Brodin’s reward for his performance while paired with Suter for a 60.86 percent deployment percentage last season, logging an average time on ice of 24:10, was $25 million over six years.

Dumba may be just old enough to have a drink at an American establishment, but his potential breakout year comes on the heels of his first experience with the NHL playoffs, tallying four points in all 10 of Minnesota’s postseason games.

Yeo’s defense will be rounded out, of course, with Scandella pairing up with Christian Folin and/or Nate Prosser, as Jared Spurgeon will jump to the top pairing with Suter after leading his fellow defensemen last season with a 53.72 percent five-on-five SAT percentage.

In 64 games last season, Scandella blasted past his previous career-high in goals, going from three to 11, en route to finishing with a career-best 23 points. This, of course, not only allows Yeo to cut Suter’s minutes, but feel comfortable doing so. Given the state of Minnesota’s blue line, could it get any better?

Actually, yes. As it turns out, the rich have gotten richer.

Adding to the Stockpile

While the Wild deploy five of their 12 players at 25 years of age or younger on the blue line, perhaps their biggest acquisition of the offseason was a skater who’s not currently on their NHL roster.

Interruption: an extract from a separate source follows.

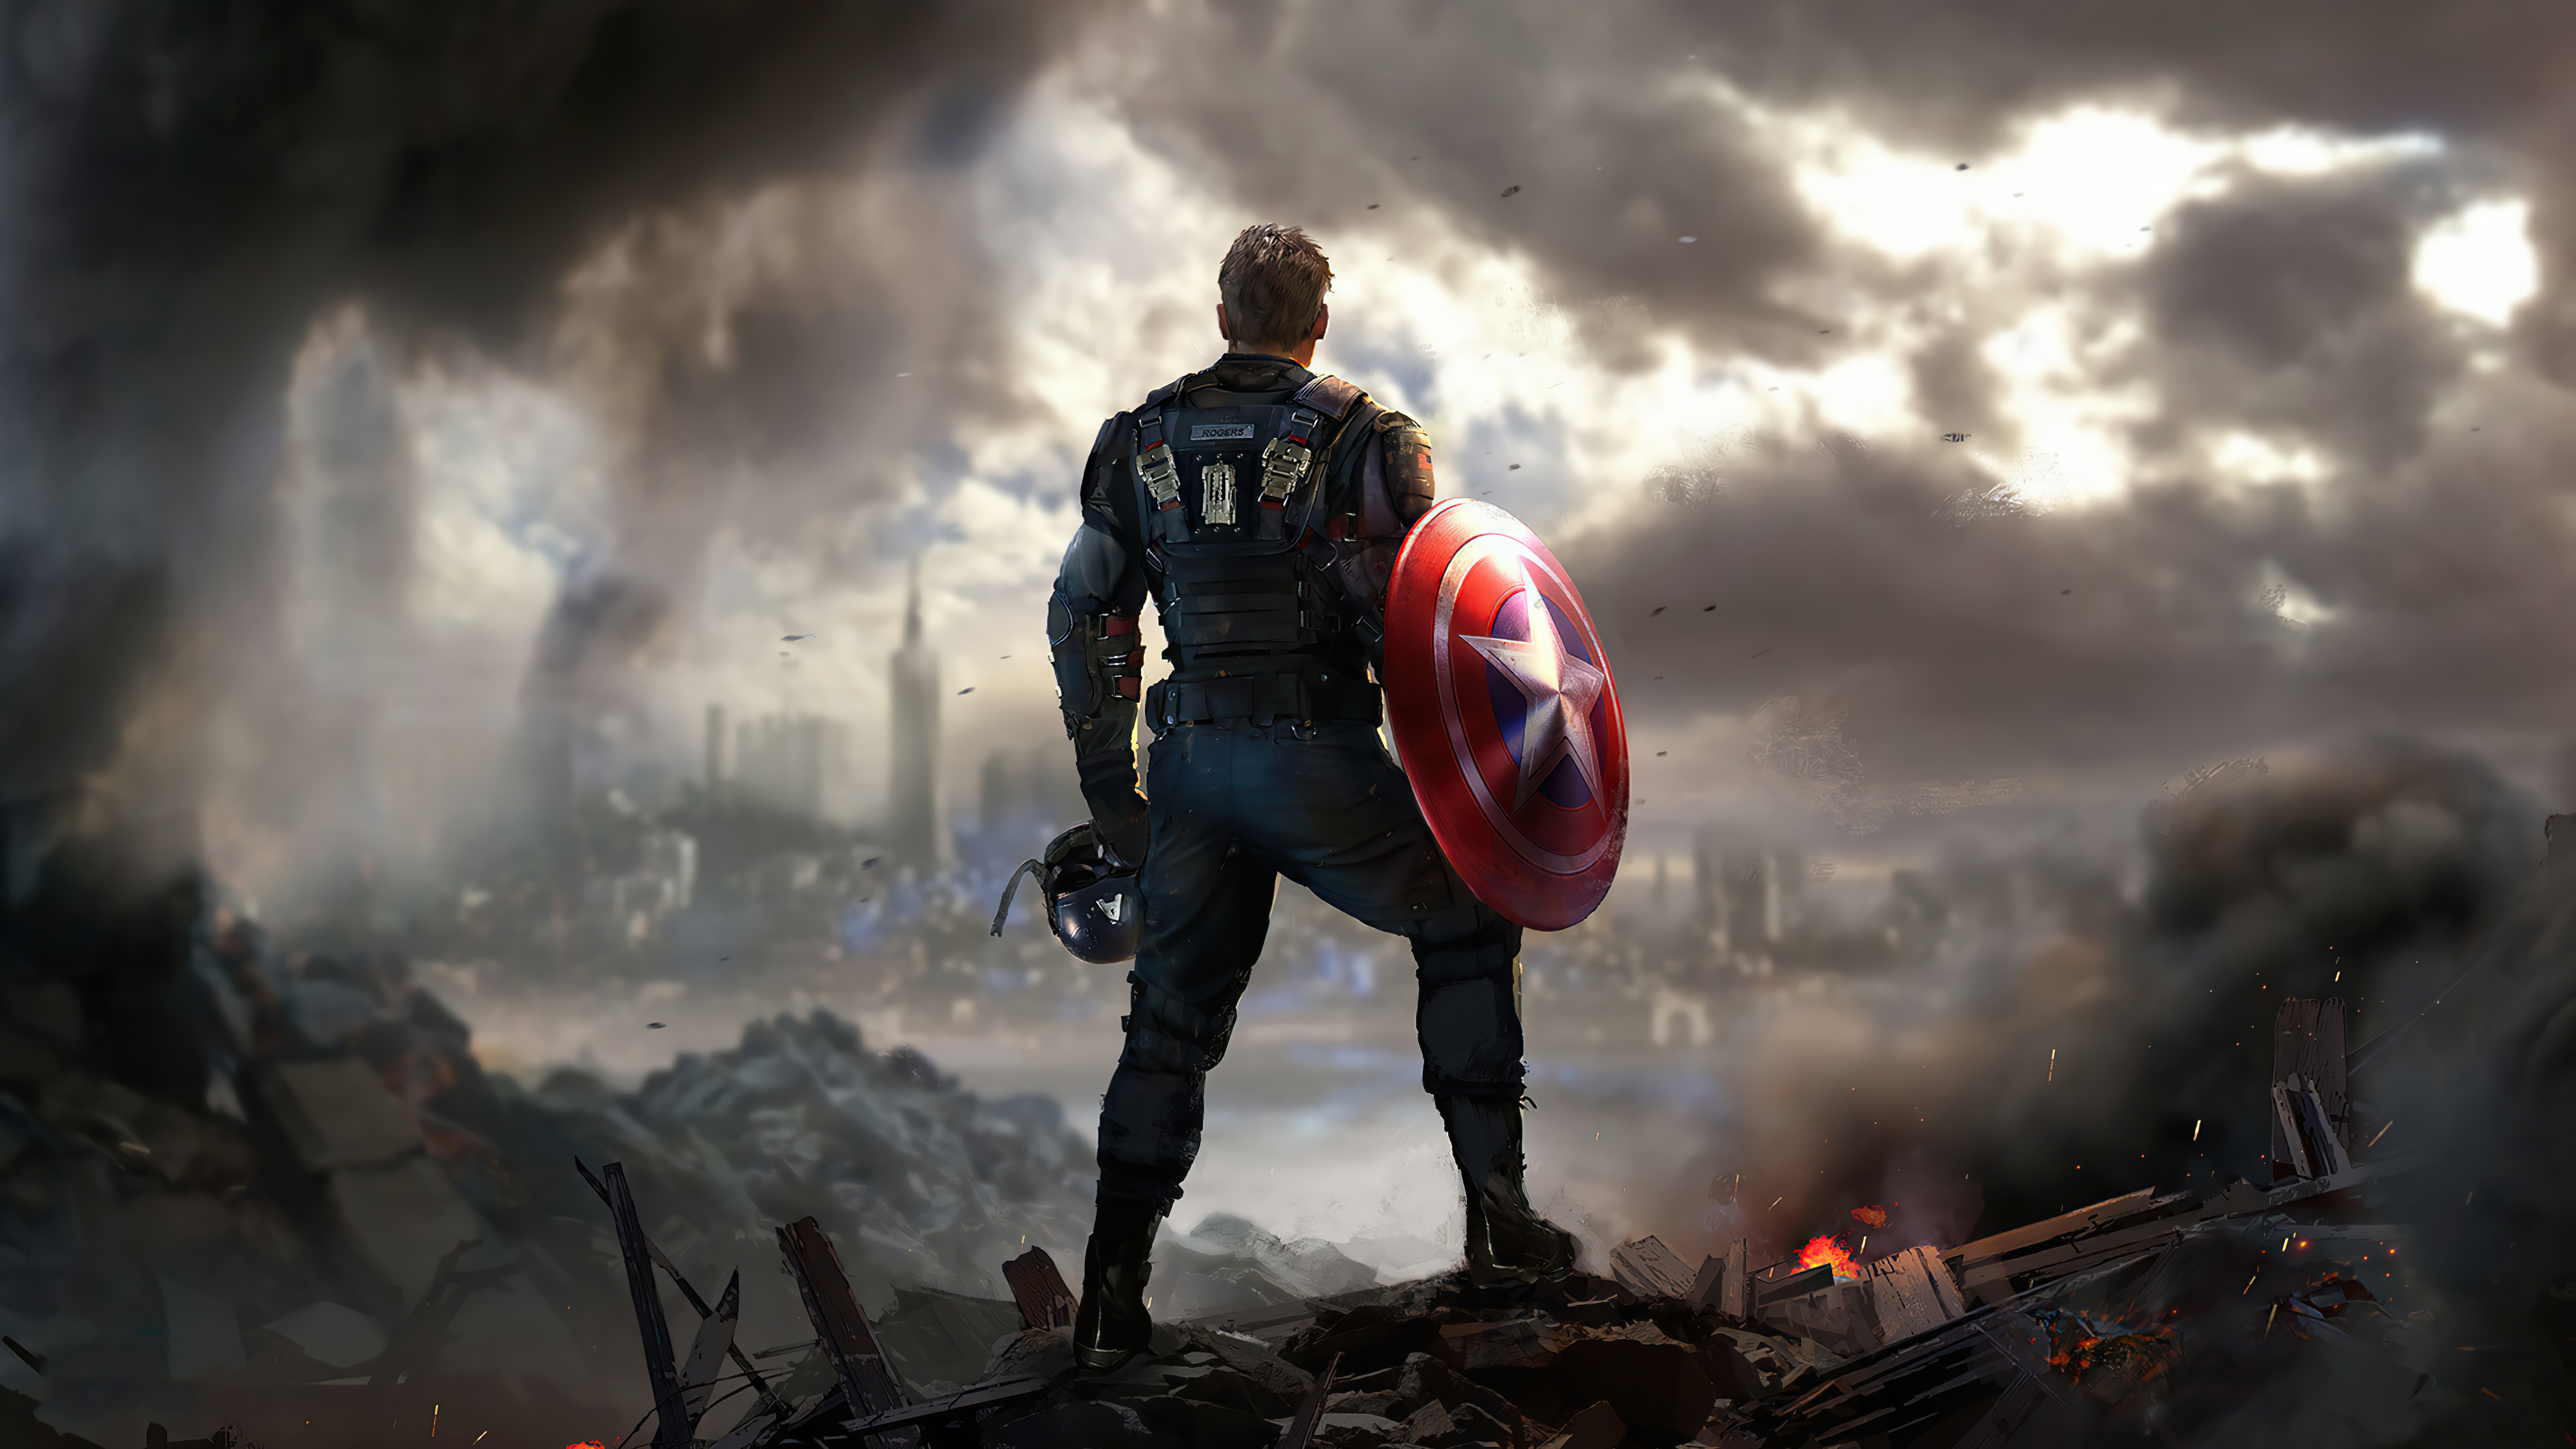 Капитан Америка (Captain America), 1990

After three seasons with the University of Minnesota, the 6-foor-2, 186-pound Mike Reilly will begin his professional career in the AHL with the Iowa Wild. But despite his lack of experience at the professional level, Minnesota’s top pro prospect is drawing comparison’s to Keith Yandle of the New York Rangers.

Peter Prohaska of Hockey’s Future gives further analysis of the 22-year-old prize:

Mike Reilly is no Keith Yandle at this stage of his career, but he is a similar player in some regard: a defenseman who can maneuver out of danger in his own end and who can distribute the puck through all three zones. If Reilly can prove his offensive abilities, his physical game, and decision-making are up to the challenge of the AHL, he can step into the NHL at times this season when some of that power play skill and offense are needed. The Wild’s dynamic defense corps was already its primary position of strength – adding Reilly improved it further.

The former Golden Gopher was initially drafted in the fourth round by the Columbus Blue Jackets in 2011, but refused to sign. As a result, Reilly became one of the most sought after college free agents this year, pursued by Chicago, Pittsburgh, Minnesota, and Columbus once again.

Landing Reilly was especially important to GM Chuck Fletcher since the Blackhawks would’ve added a viable replacement option down the line to an aging crop of defensemen in Duncan Keith and Brent Seabrook.

A native of Chicago himself, Reilly earned Big Ten Defensive Player of the Year honors the last two years, while being named to the All Big Ten First Team during that same stretch.

In the meantime, Reilly joins the Wild in Iowa after a disappointing training camp while under the microscope of Yeo.

“That’s the pressure I expected,” added Reilly via Graff again. “It’s something new for me. Coming in the last couple years as a seventh-rounder, I kind of flew under the radar. This year, I have high expectations from the coaching staff and myself. I need to make a big impact.”

Whether that impact comes this season, or later down the line, the blue line in Minnesota appears to be set for some time to come, the perfect response to the circumstances of their last three playoff exits.